- **Work to complete**: While you copy the lines below, skip the pictures and keep the rest exact.

- **Dataset excerpt**:
========================================================================
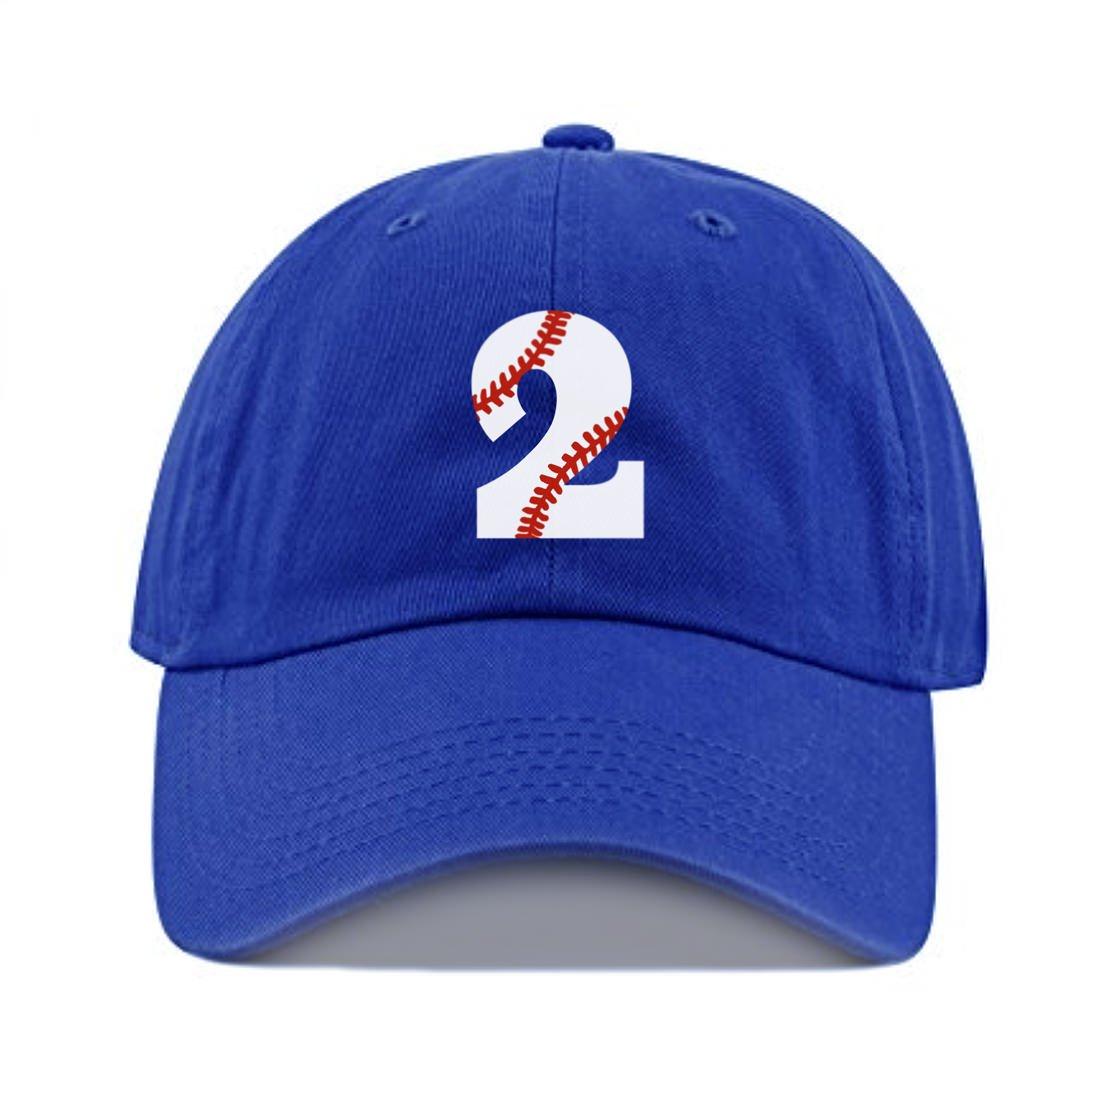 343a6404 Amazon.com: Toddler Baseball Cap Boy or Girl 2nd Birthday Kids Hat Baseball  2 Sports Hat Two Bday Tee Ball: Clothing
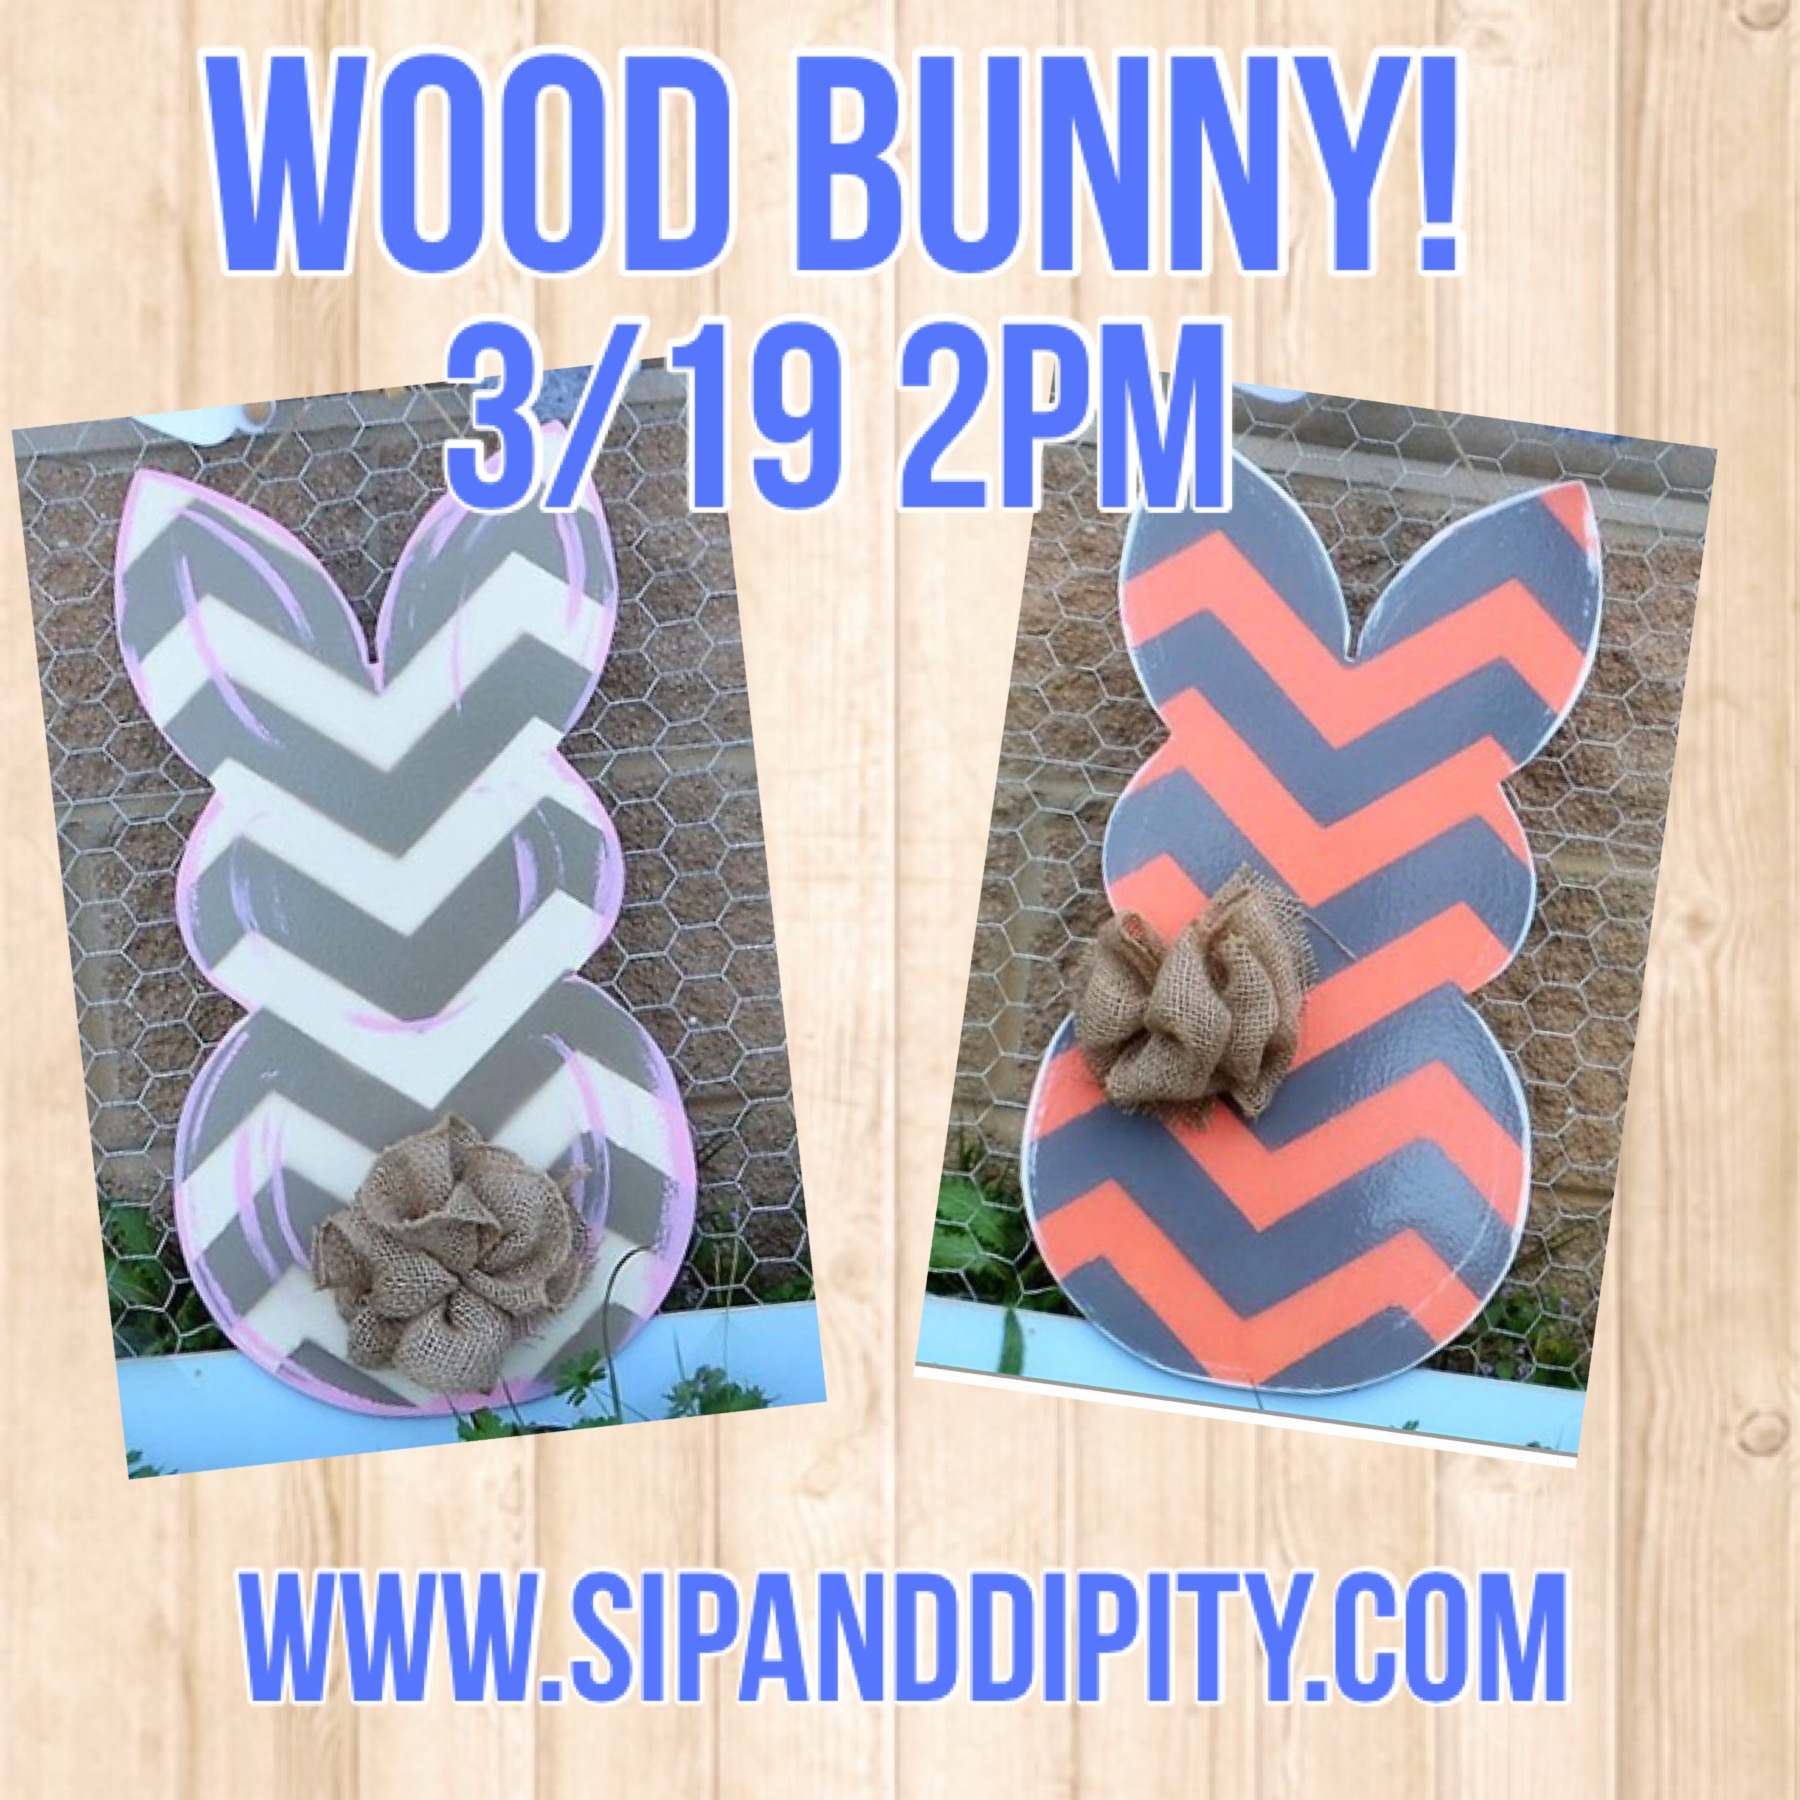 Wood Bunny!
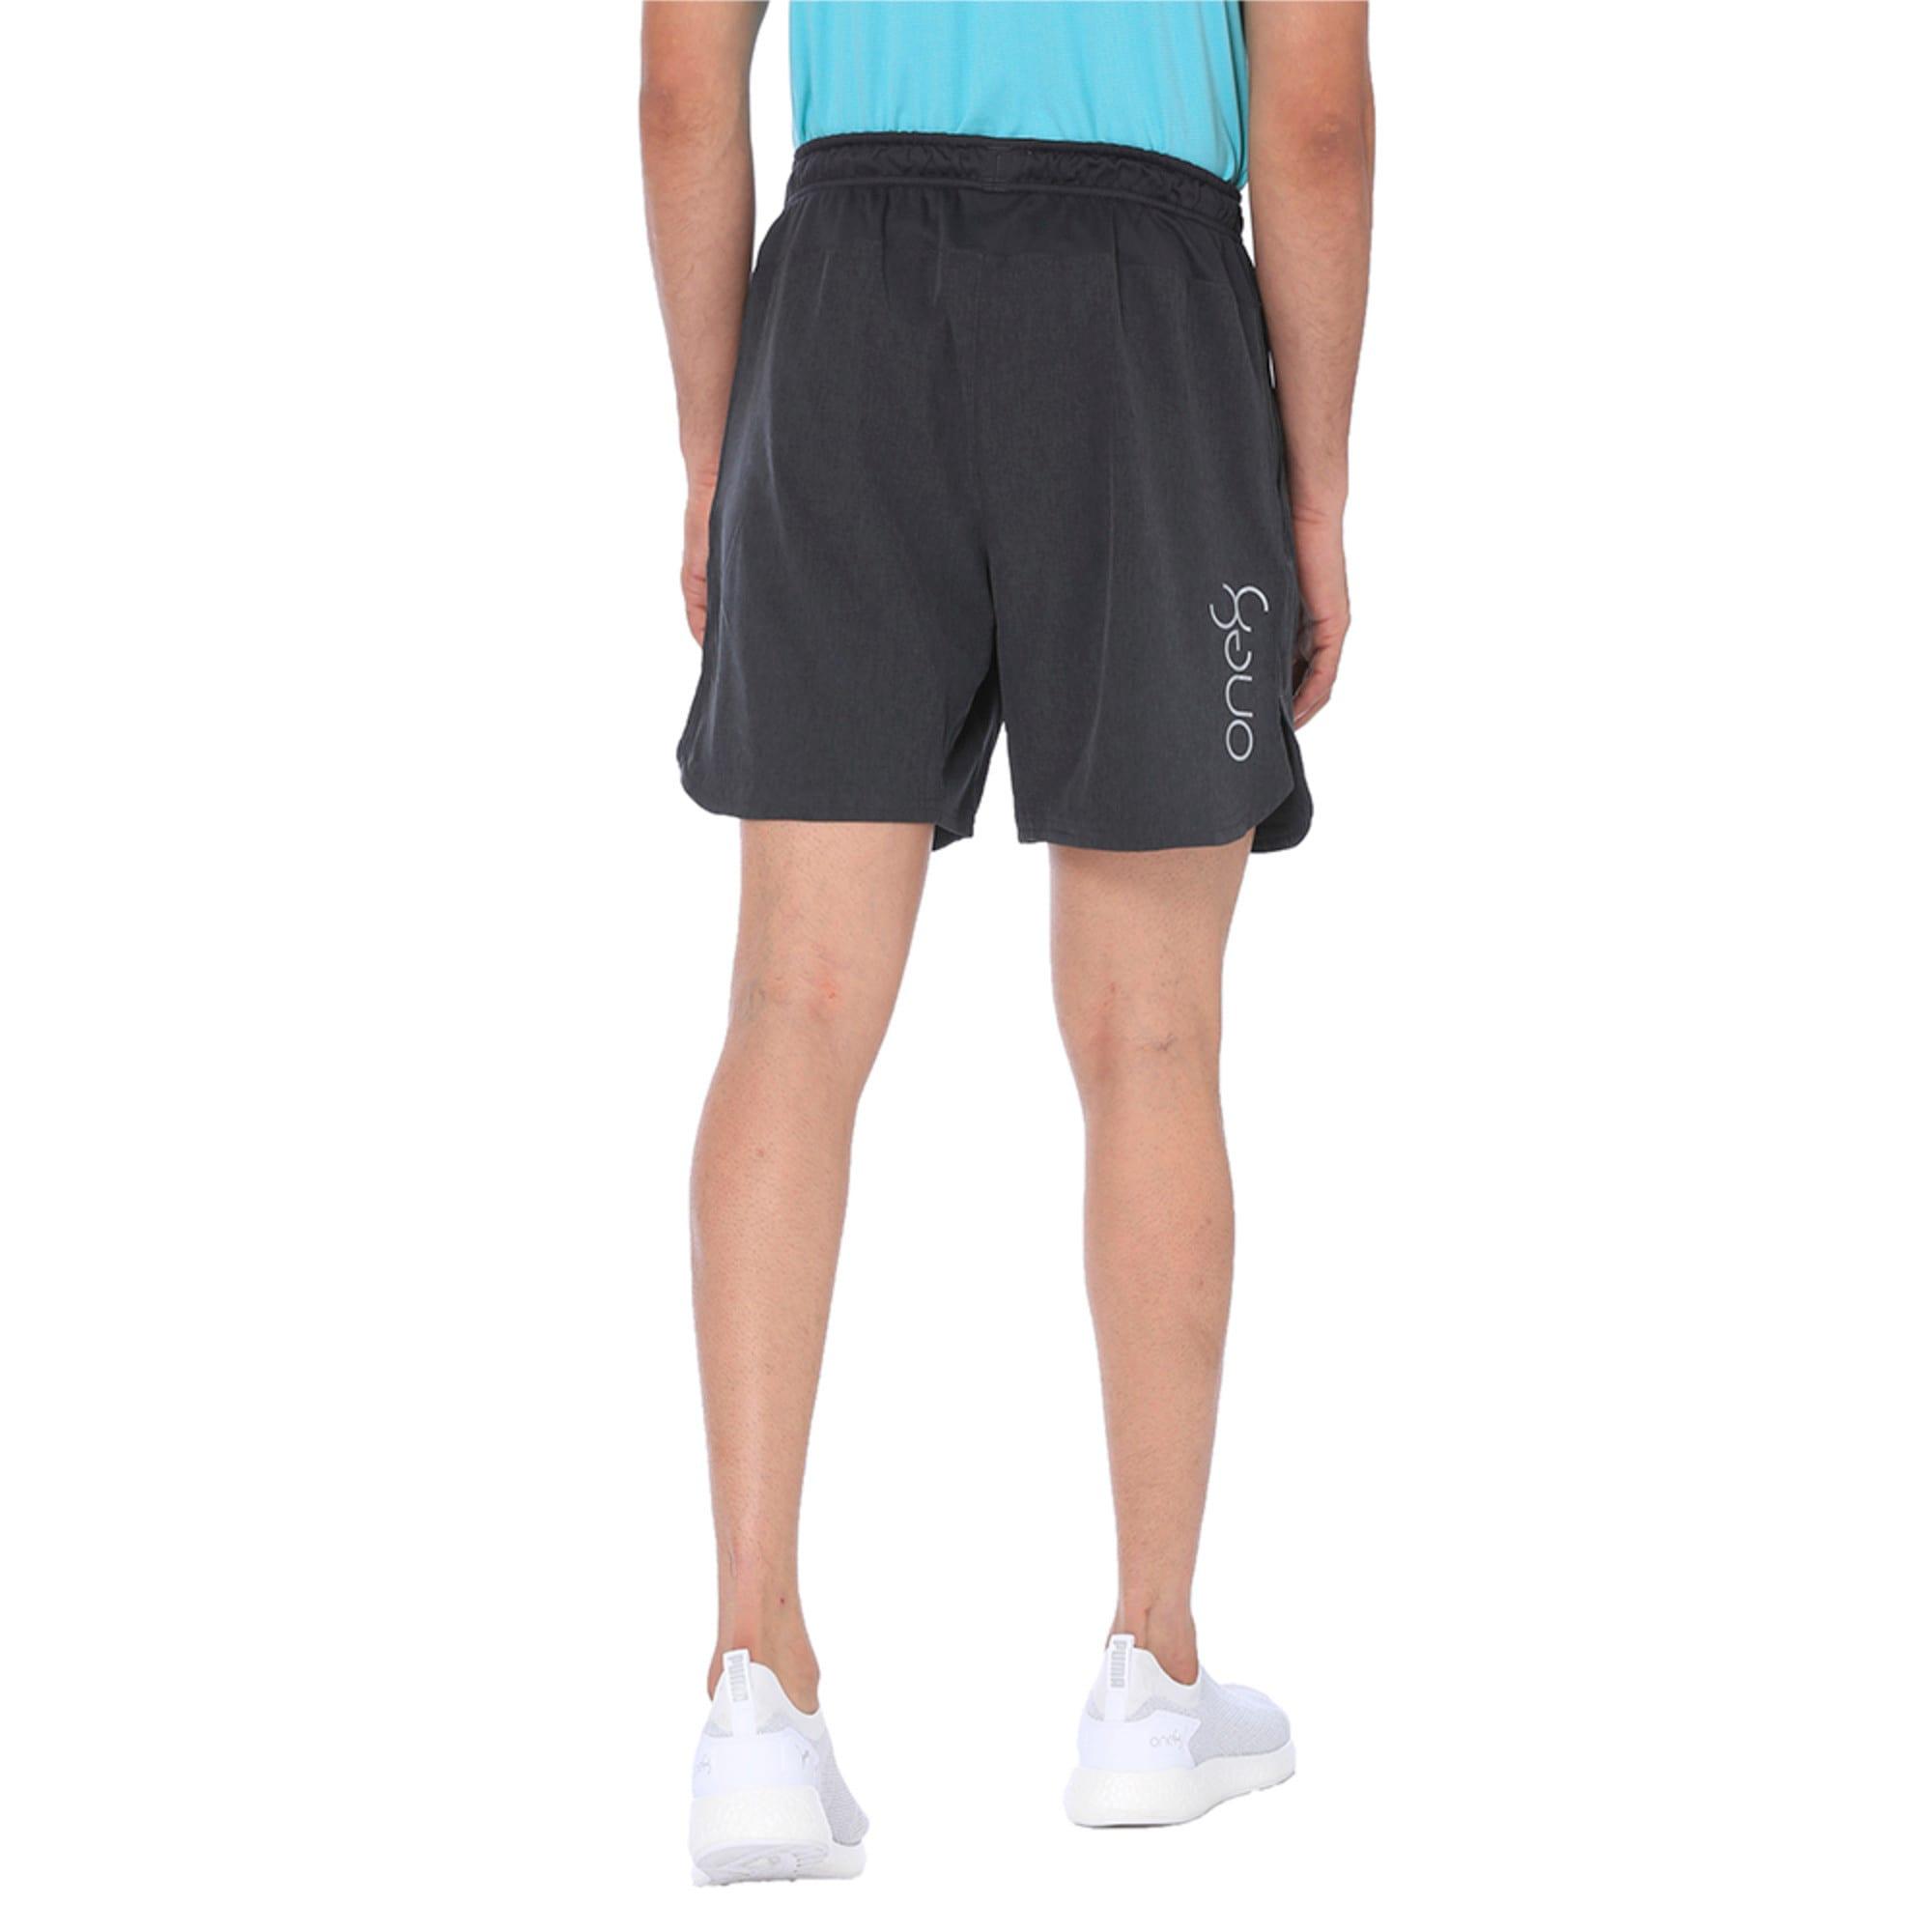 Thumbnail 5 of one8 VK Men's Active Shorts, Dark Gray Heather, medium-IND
========================================================================
- **Response**:
 343a6404 Amazon.com: Toddler Baseball Cap Boy or Girl 2nd Birthday Kids Hat Baseball  2 Sports Hat Two Bday Tee Ball: Clothing
 Wood Bunny!
 Thumbnail 5 of one8 VK Men's Active Shorts, Dark Gray Heather, medium-IND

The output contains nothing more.